I'm using intel-cc to compile some C++ code and with the -Wall option it seems to be vectorizing a lot of my loops. I'm working under the assumption this is good for performance for now.
Now my question is this; if instead of a for loop I have unrolled it so we have for example
a[0] = b[0] + 1;
a[1] = b[1] + 1;
a[2] = b[2] + 1;
instead of
for(int i=0;i<3;++i) a[i] = b[i] + 1;
can the compiler still vectorize this code?
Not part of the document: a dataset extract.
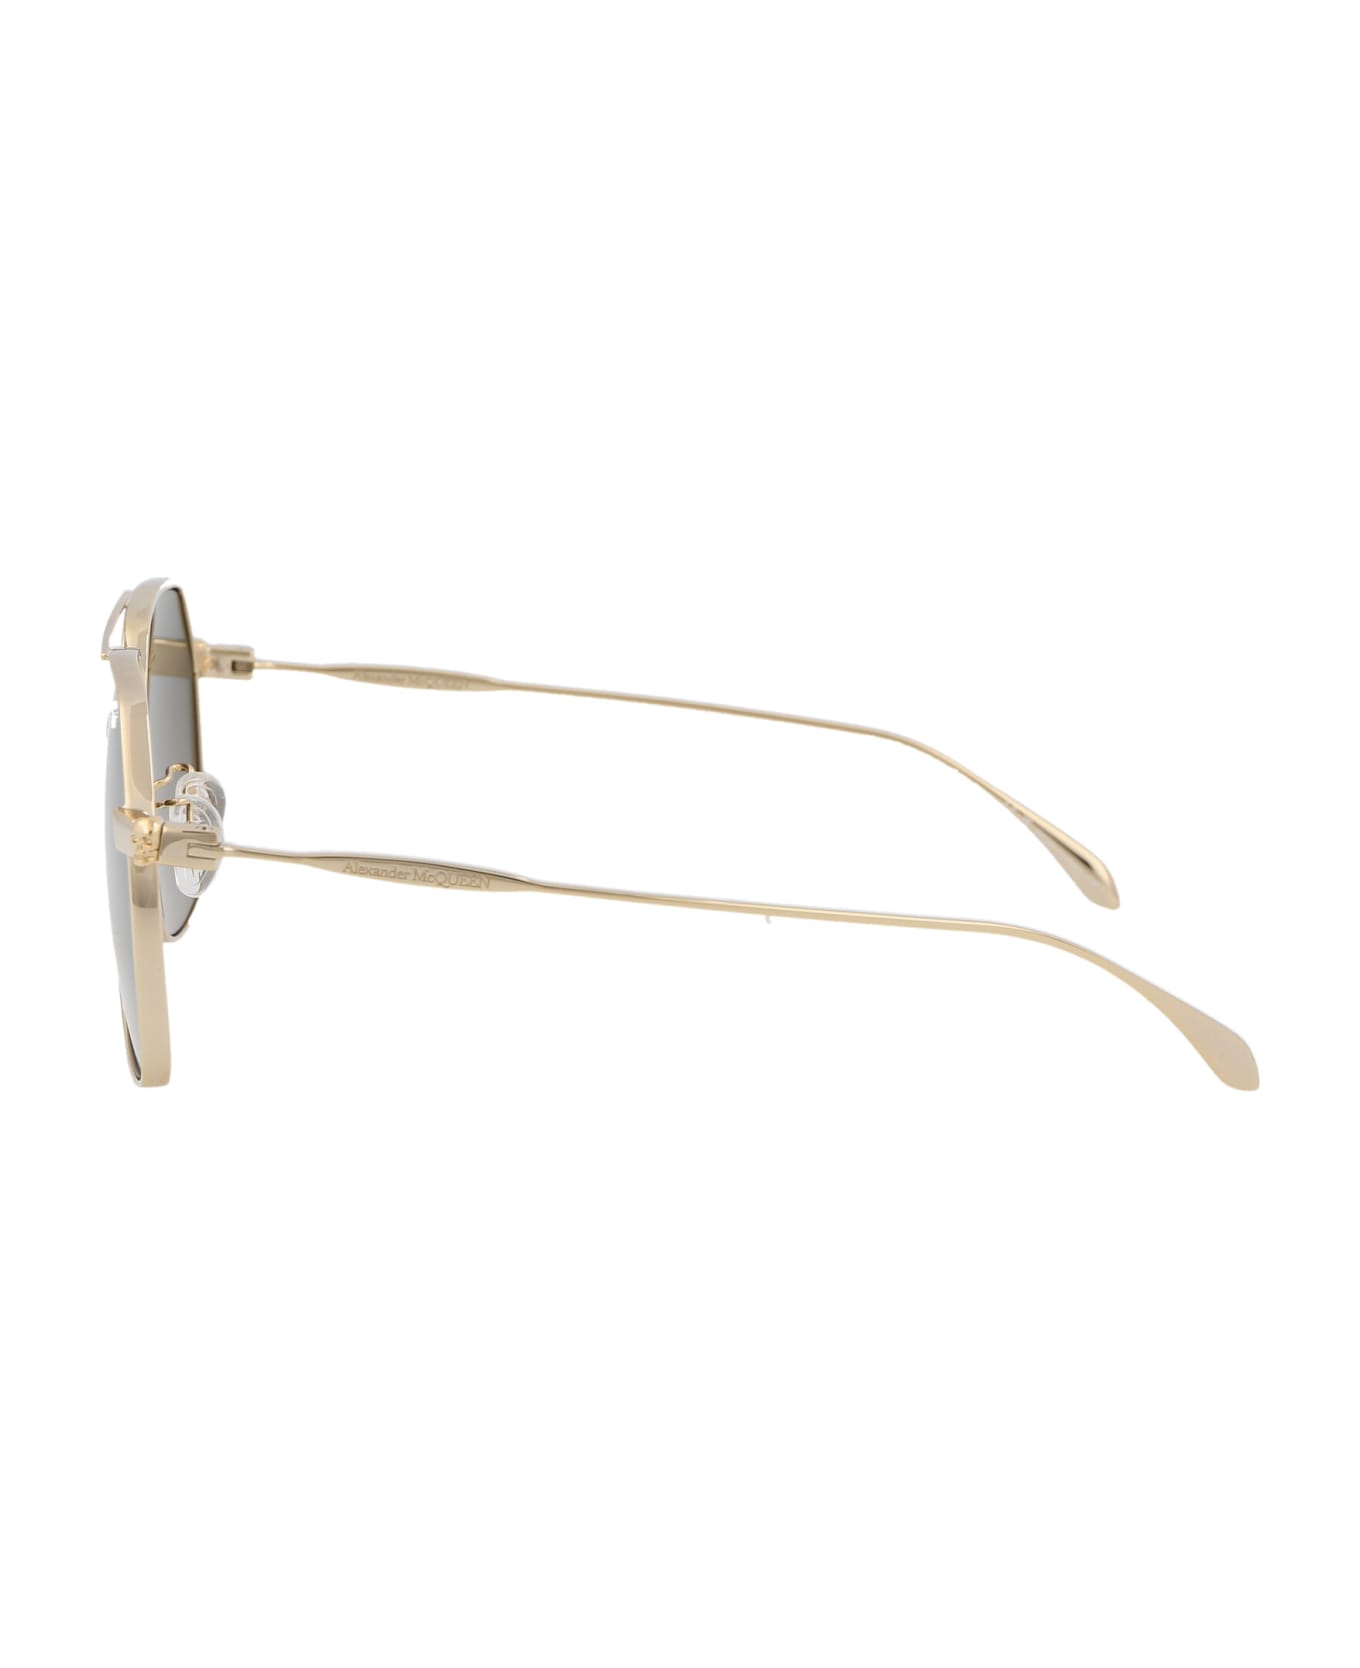 Alexander McQueen Eyewear Am0372s Sunglasses - 002 GOLD GOLD BROWN

Further, if I access the elements using instead references does the compiler have any hope of recognising that the two are equivalent? E.g.
int &x, &y, &z;
x = a[0]; y = a[1]; z = a[2];
Then replacing the a's with x, y and z.
Any answers greatly appreciated! Thanks in advance.
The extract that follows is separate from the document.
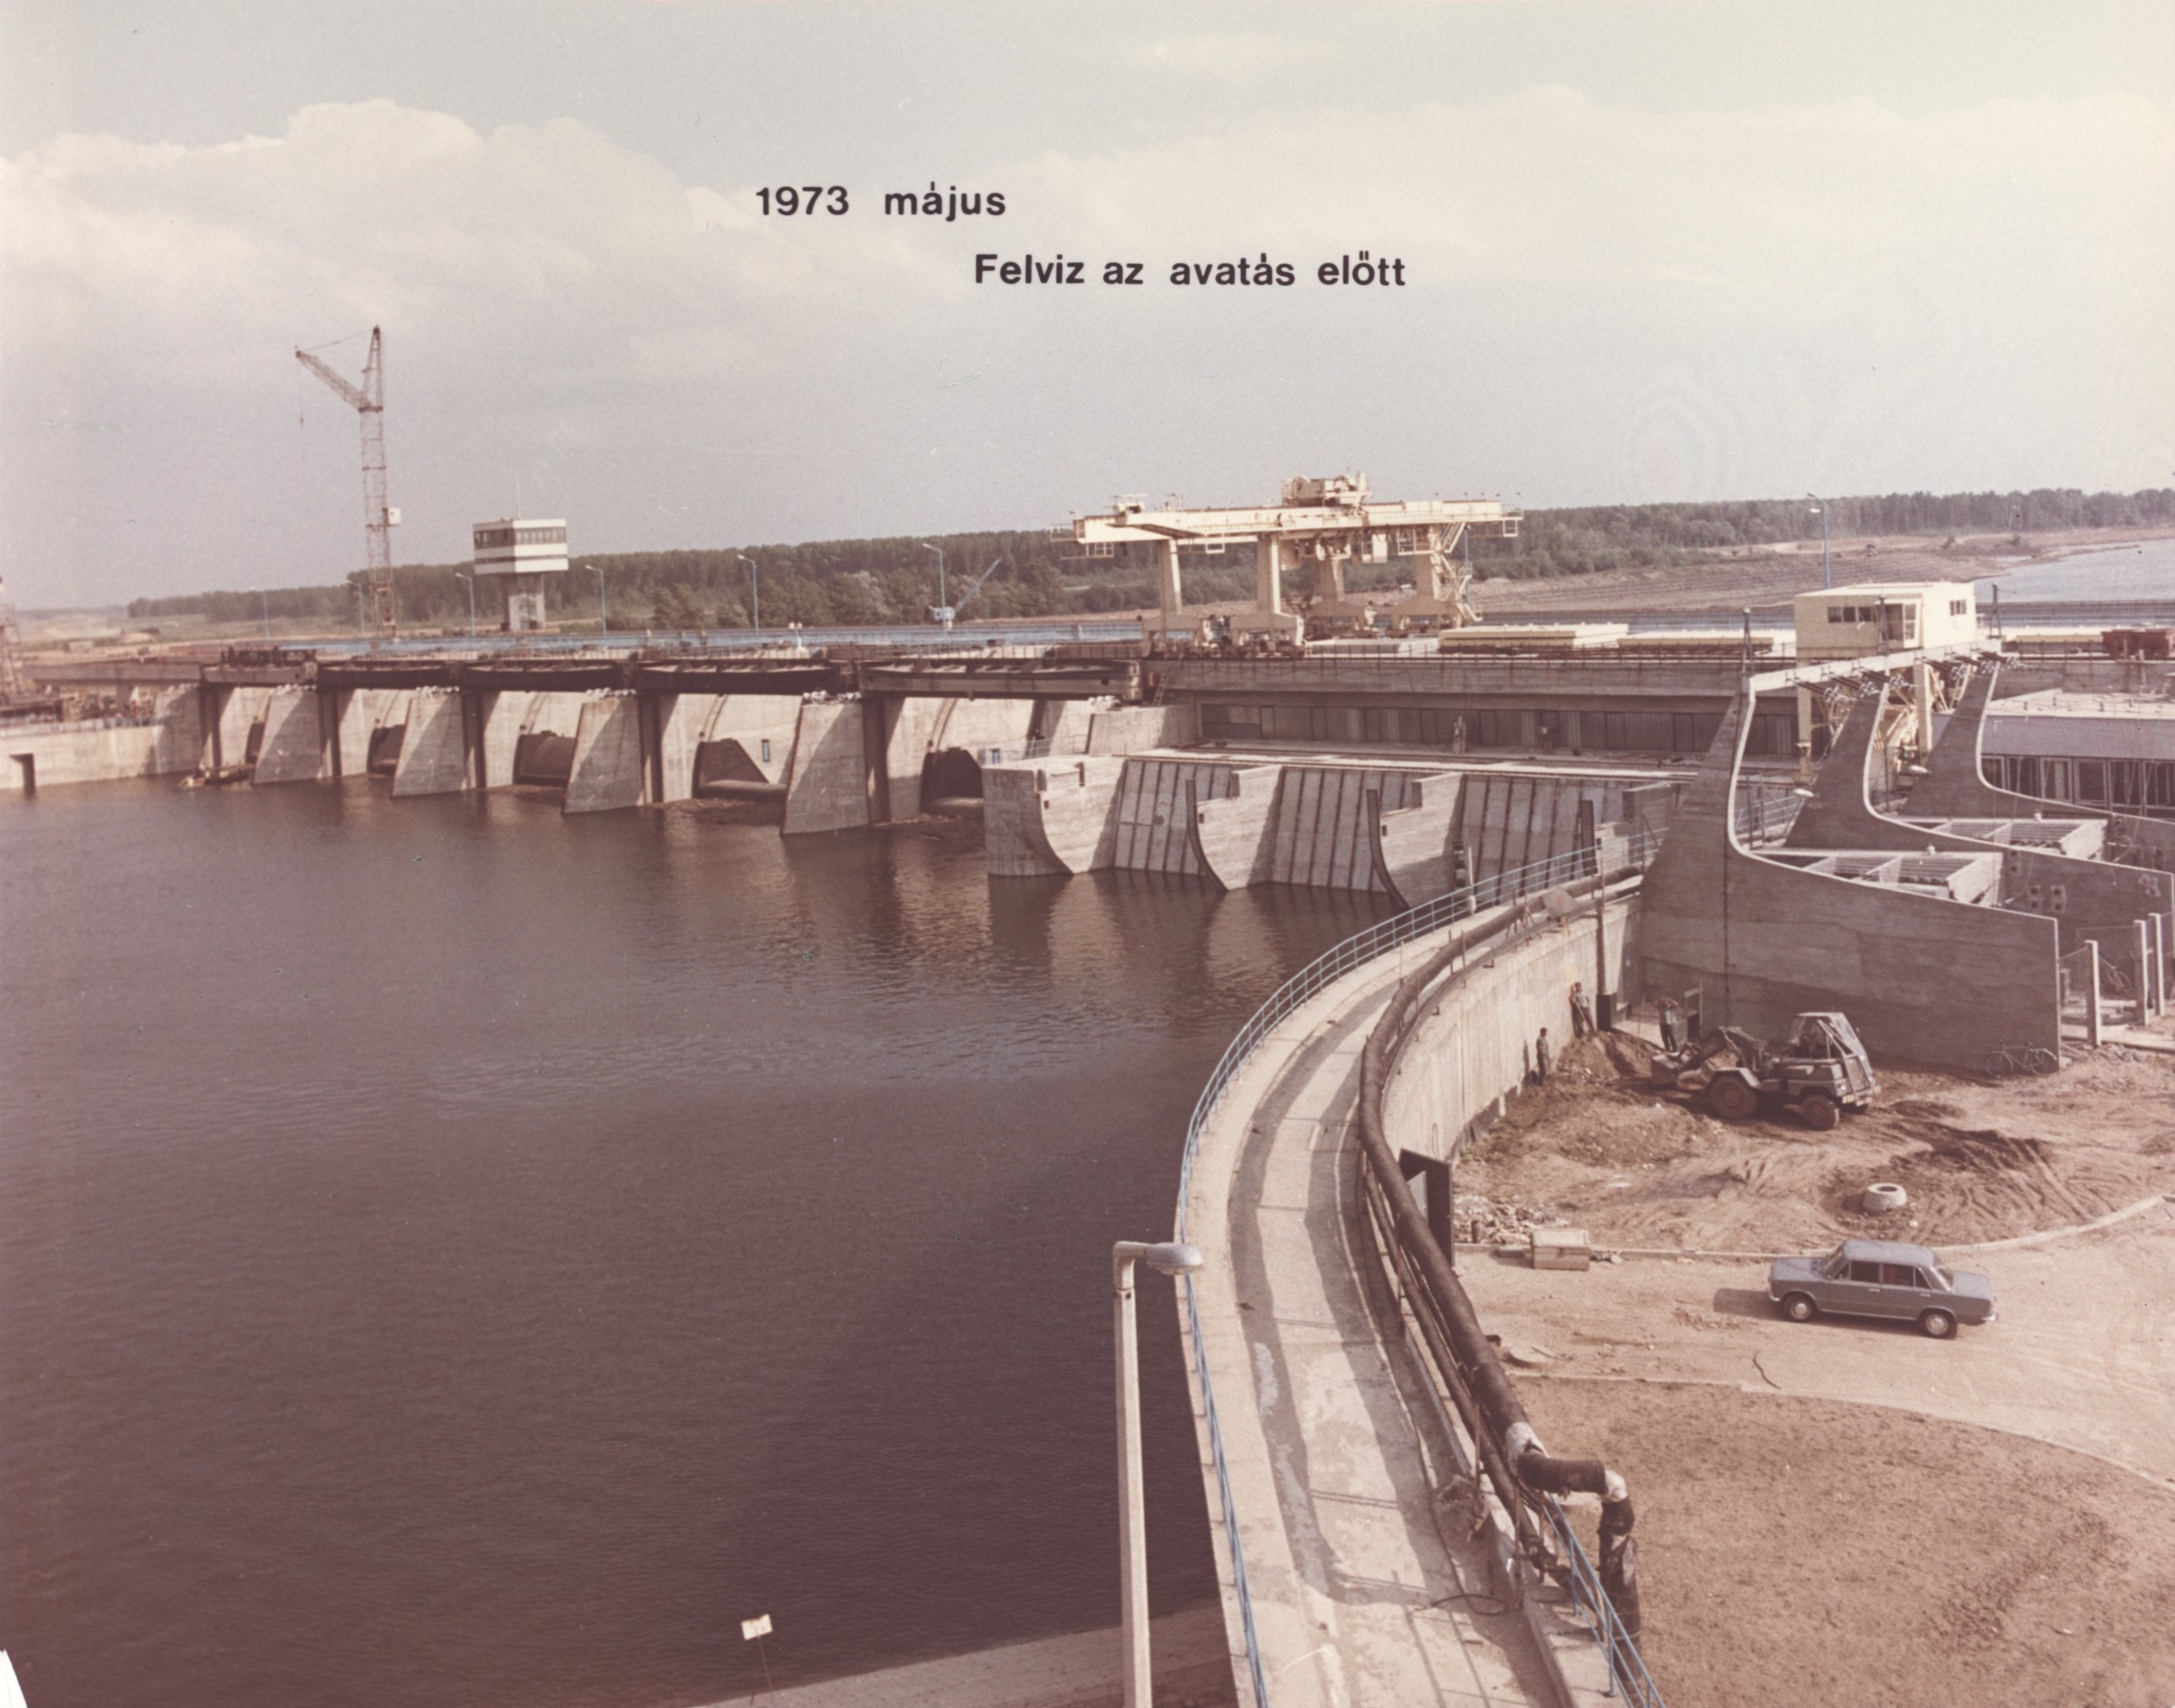 Felvíz az avatás előtt, 1973. május (Magyar Környezetvédelmi és Vízügyi Múzeum - Duna Múzeum CC BY-NC-SA)

So I had a delve into the assembly generated by the three simple cases. below;
for(int i=0;i<3;++i) a[i] = 1.0; // case 1
a[0] = a[1] = a[2] = 1.0; // case 2
a.x = a.y = a.z = 1.0; // case 3
The assembly generated for cases 2 and 3 was identical. This is good since in case 2 the compiler gave a "remark" about copying reference to temporary (operator[] is overridden for my class) this implies (correct me if I'm wrong) that the compiler is correctly utilizing Return Value Optimisation (RVO).
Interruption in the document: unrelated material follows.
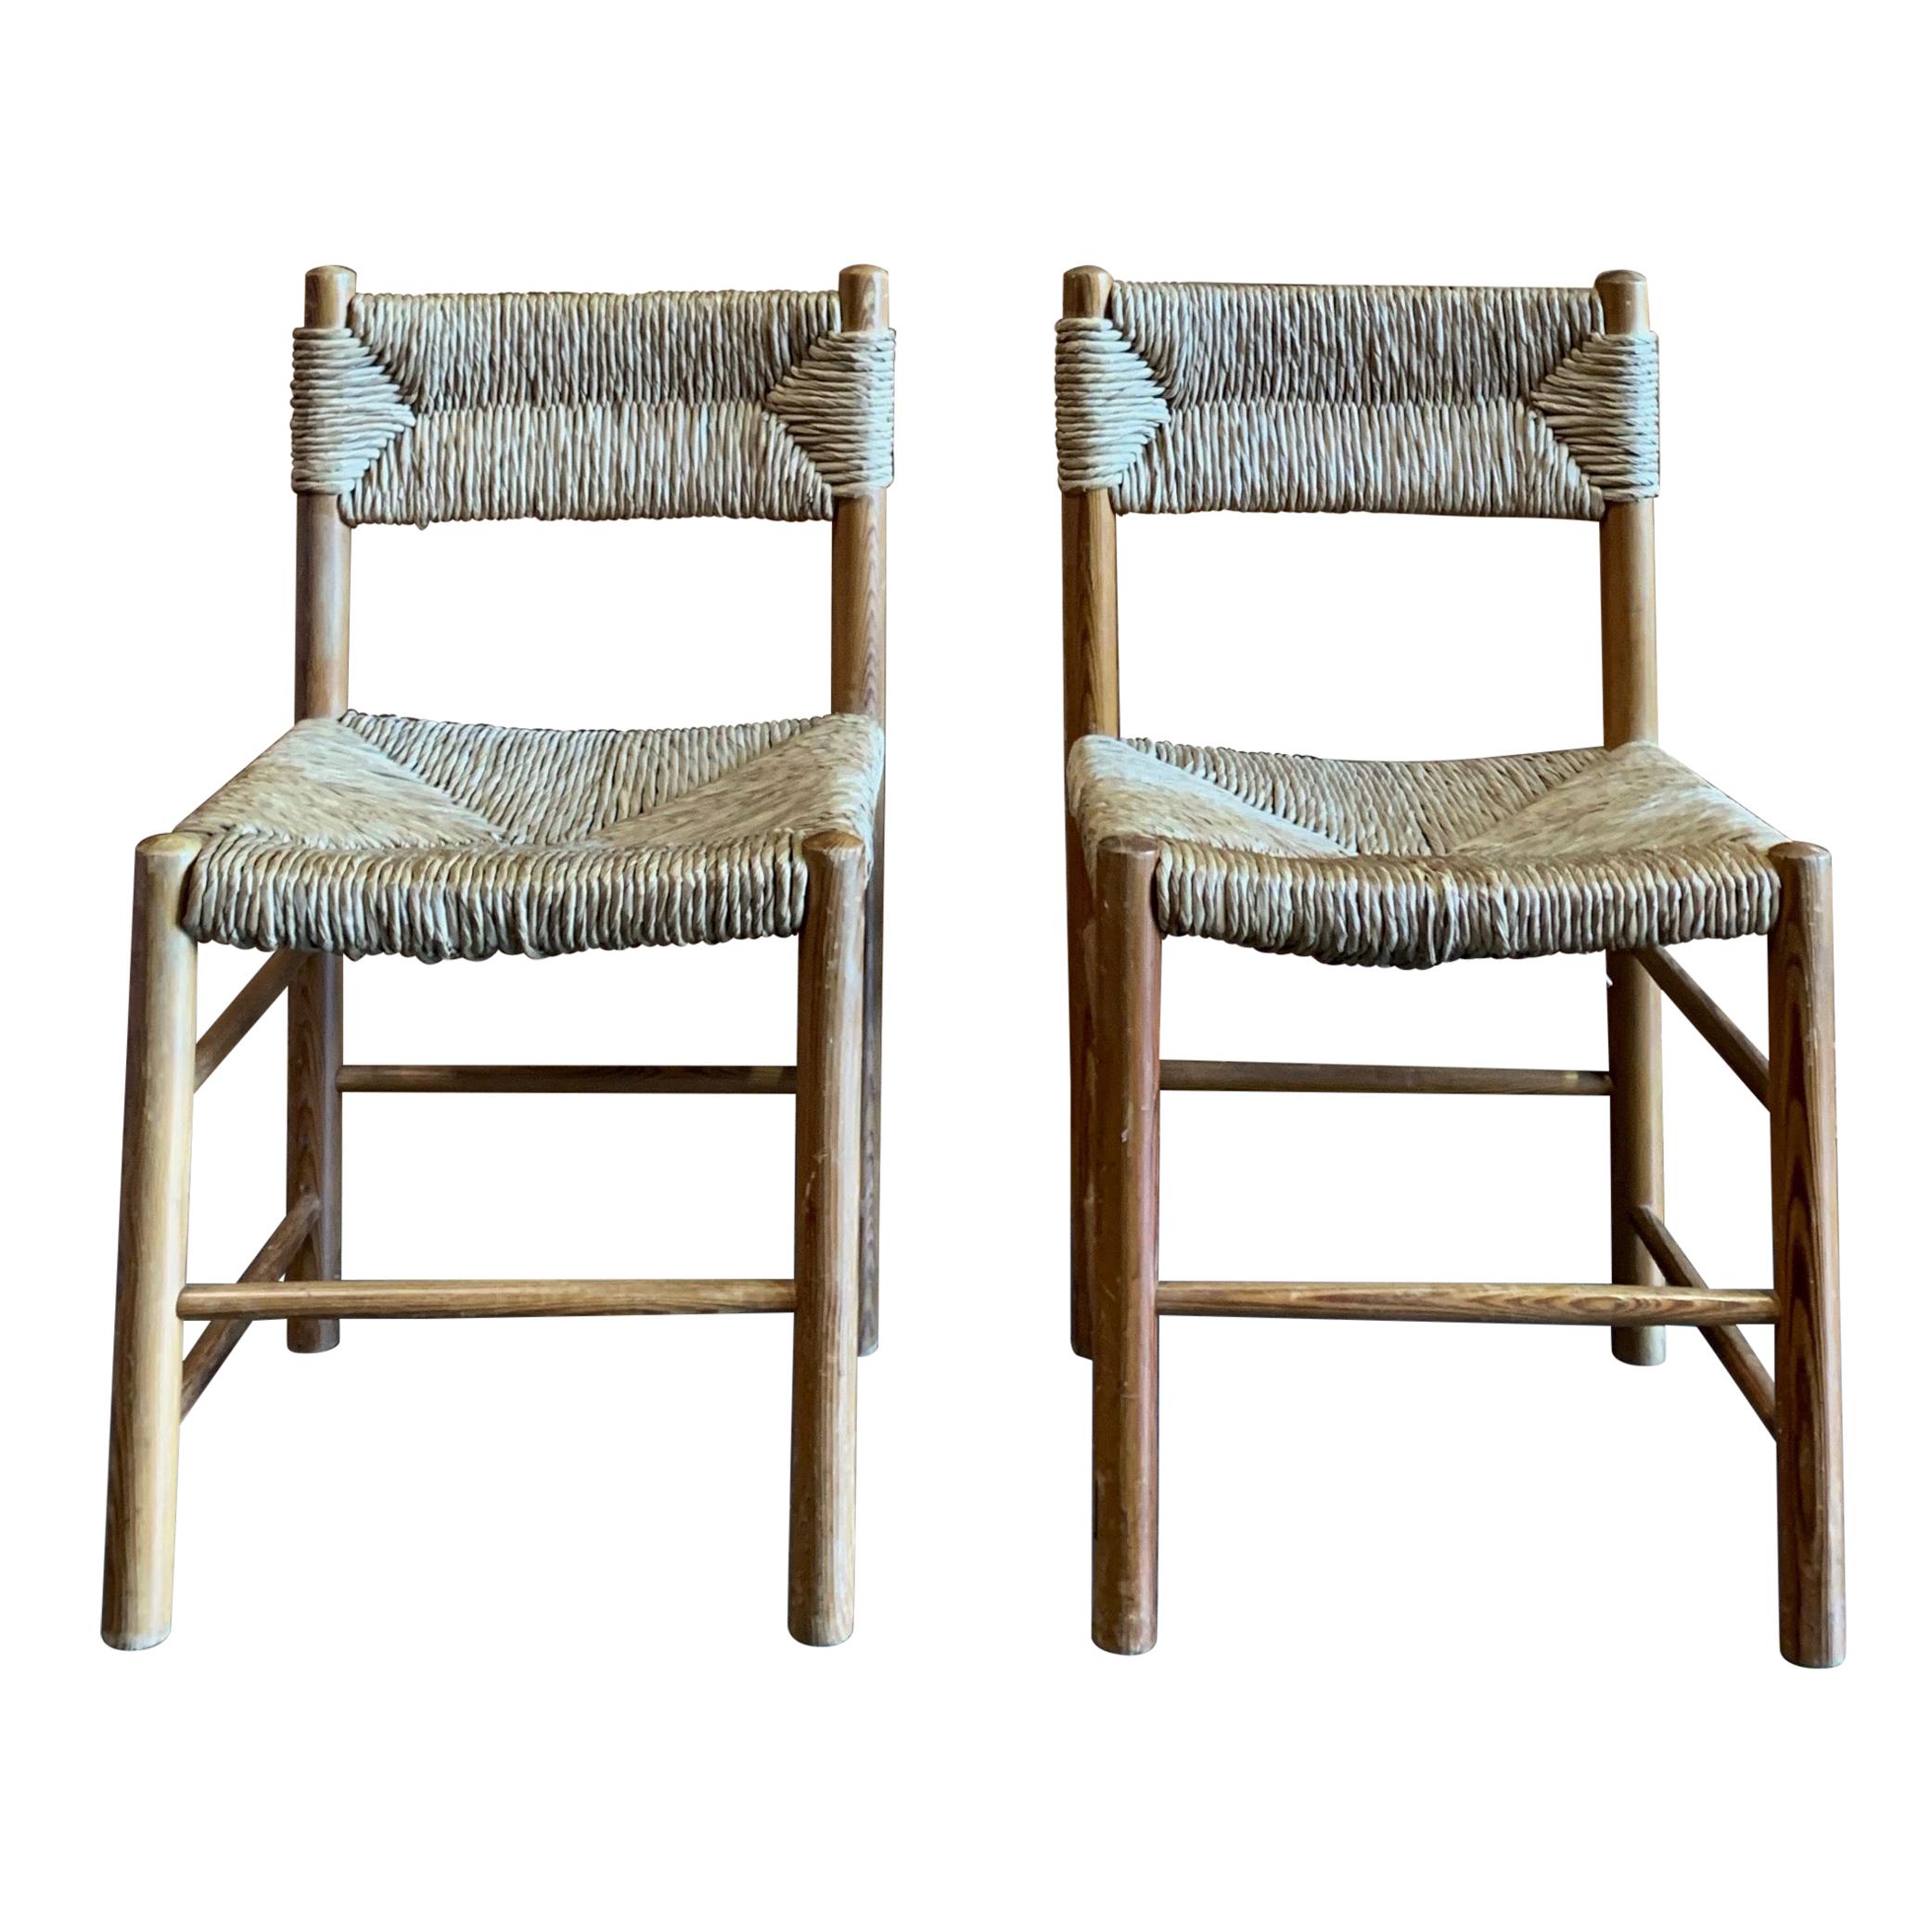 Chaise conçue dans le style de Charlotte Perriand vers 1950, a été fabriquée en France. La chaise est faite d'une base et de pieds en bois avec une assise en jonc.

However in case 1 the compiler outputted a remark that it had vectorised the loop. The assembly was also slightly different. Specifically it contained this extra code;
.section .rodata, "a"
.align 16
.align 16
_2il0floatpacket.1:
.long 0x00000000,0x3ff00000,0x00000000,0x3ff00000
.type _2il0floatpacket.1,@object
.size _2il0floatpacket.1,16
_2il0floatpacket.2:
.long 0x00000000,0x3ff00000
.type _2il0floatpacket.2,@object
.size _2il0floatpacket.2,8
Now I have never worked with assembly so I am not entirely sure what this extra stuff means but it would seem to me to imply that the compiler cannot vectorize in the case of the unrolled loop or accessing through references. Also hinted at by the lack of a remark to this effect at compile time.
If anyone could confirm this it would be great.